Someone who came up through software intuitively knows that while "it is only a 3 line change in each of 4 files", making the change in master is only the beginning. Also on deck are: back-porting and validating in the 4 release branches still running on the 4 hardware versions in the field, and pushing the update reliably, oh, and it changes the log format so our log monitor query needs to be updated and validated.
EE -- yes, it is just changing out one connector -- but we need the latching version and only two latching variants are available, and one requires moving a mounting hole which would require chassis rework, the other is expensive and has a 12 week lead time... and in any case we need to update the test fixtures.
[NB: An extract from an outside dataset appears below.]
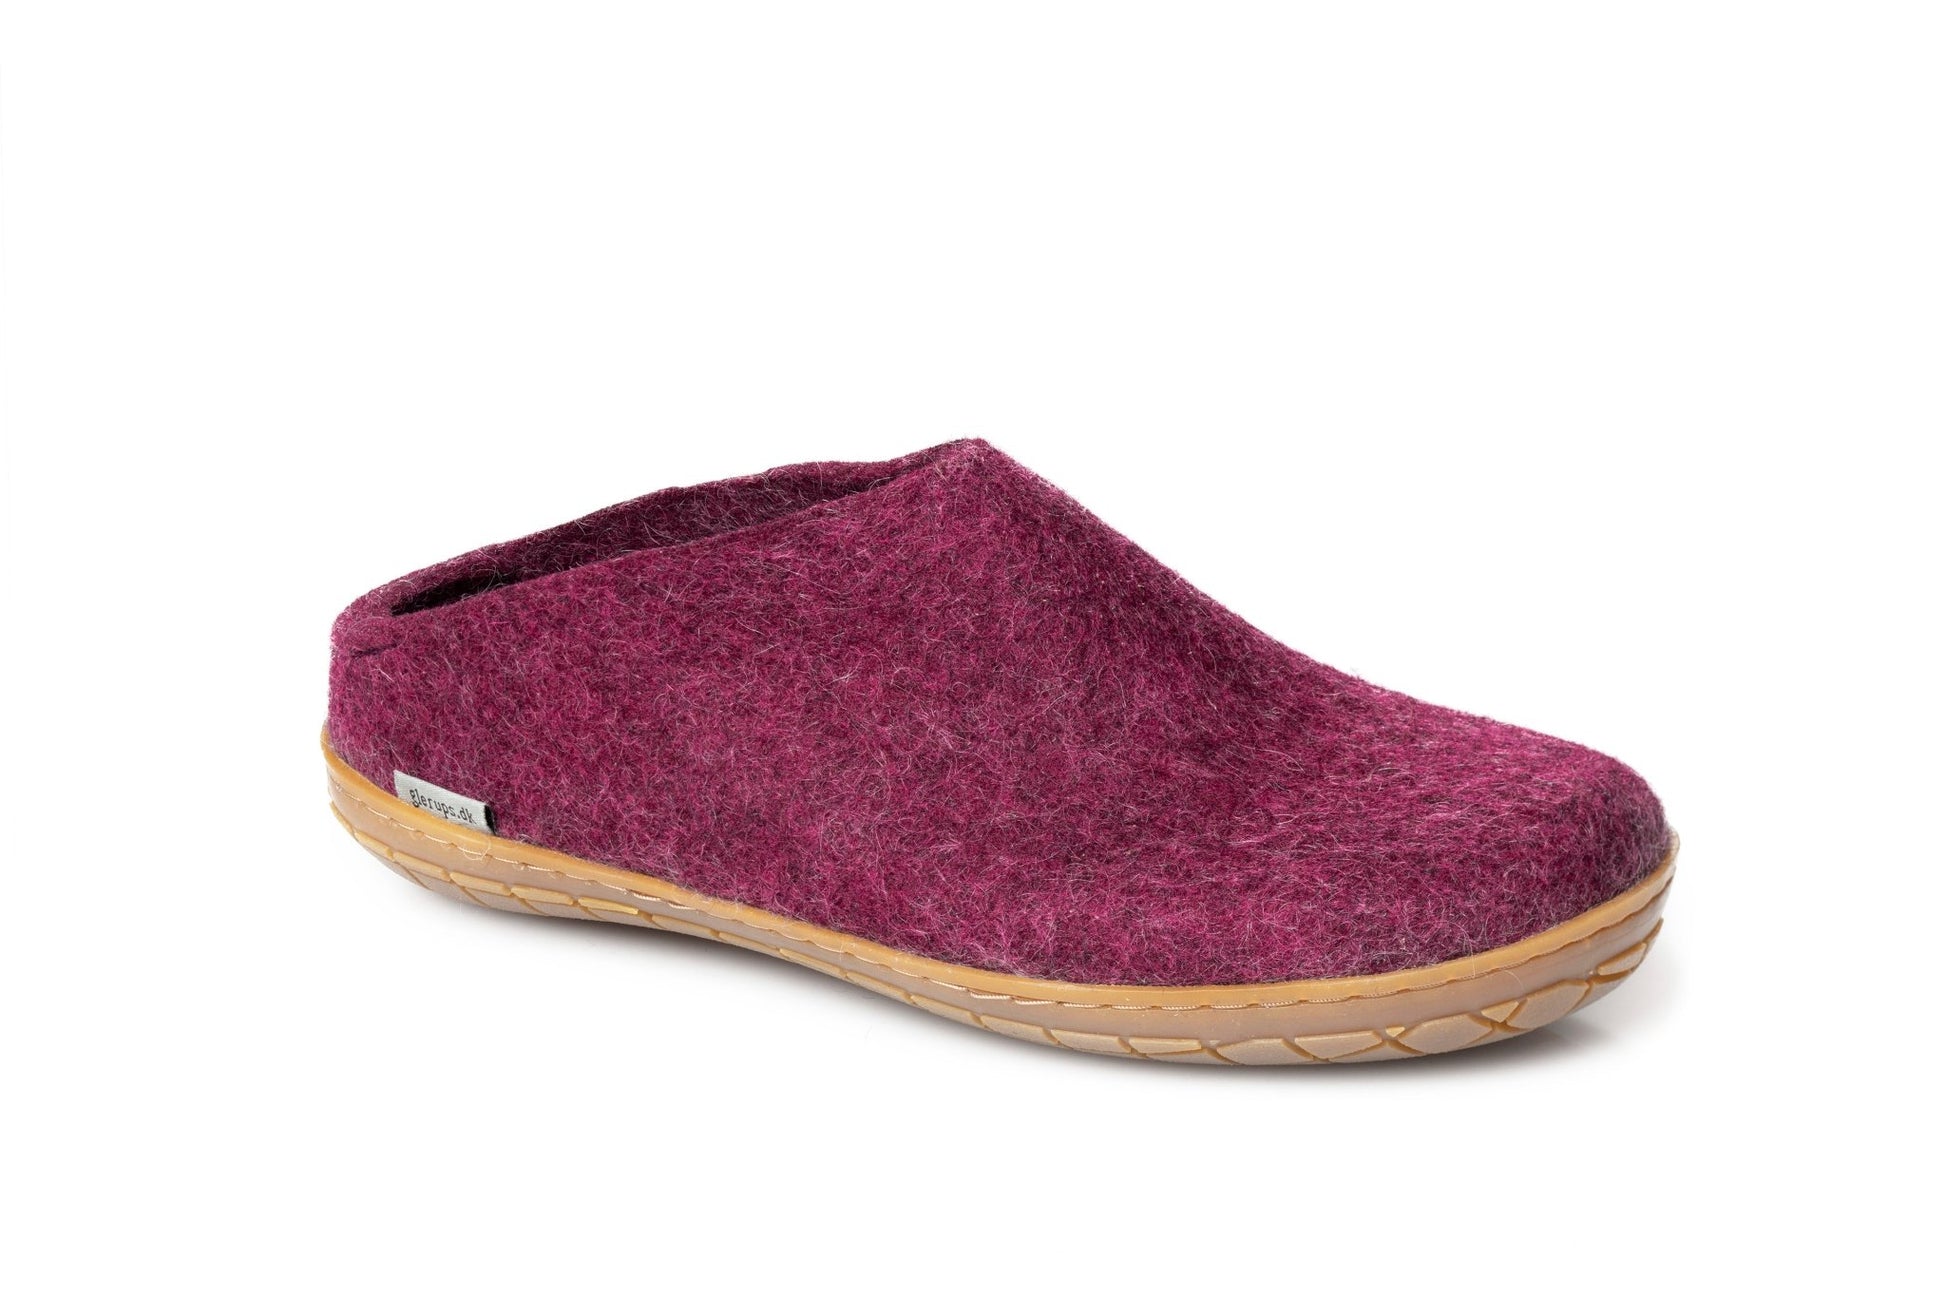 Glerups Slip-On Rubber Sole Cranberry - Grady’s Feet Essentials - Glerups

And we need to keep some of the old test fixtures around for the old rev, and while we could save some money by reworking some of our old test fixtures, who has time to write and validate the engineering change order for the test fixture rework?
ME -- yes it is only moving two mounting holes, but both the chassis and the skins need to move, so we either have to rework the fleet to accept new skins, or do two sets of expensive tooling for the skins, or do some kludge adapter that allows new skins on old chassis, but we need to vibration test that.
Intuition and instinct are about understanding the implications and the unarticulated risks buried with decisions.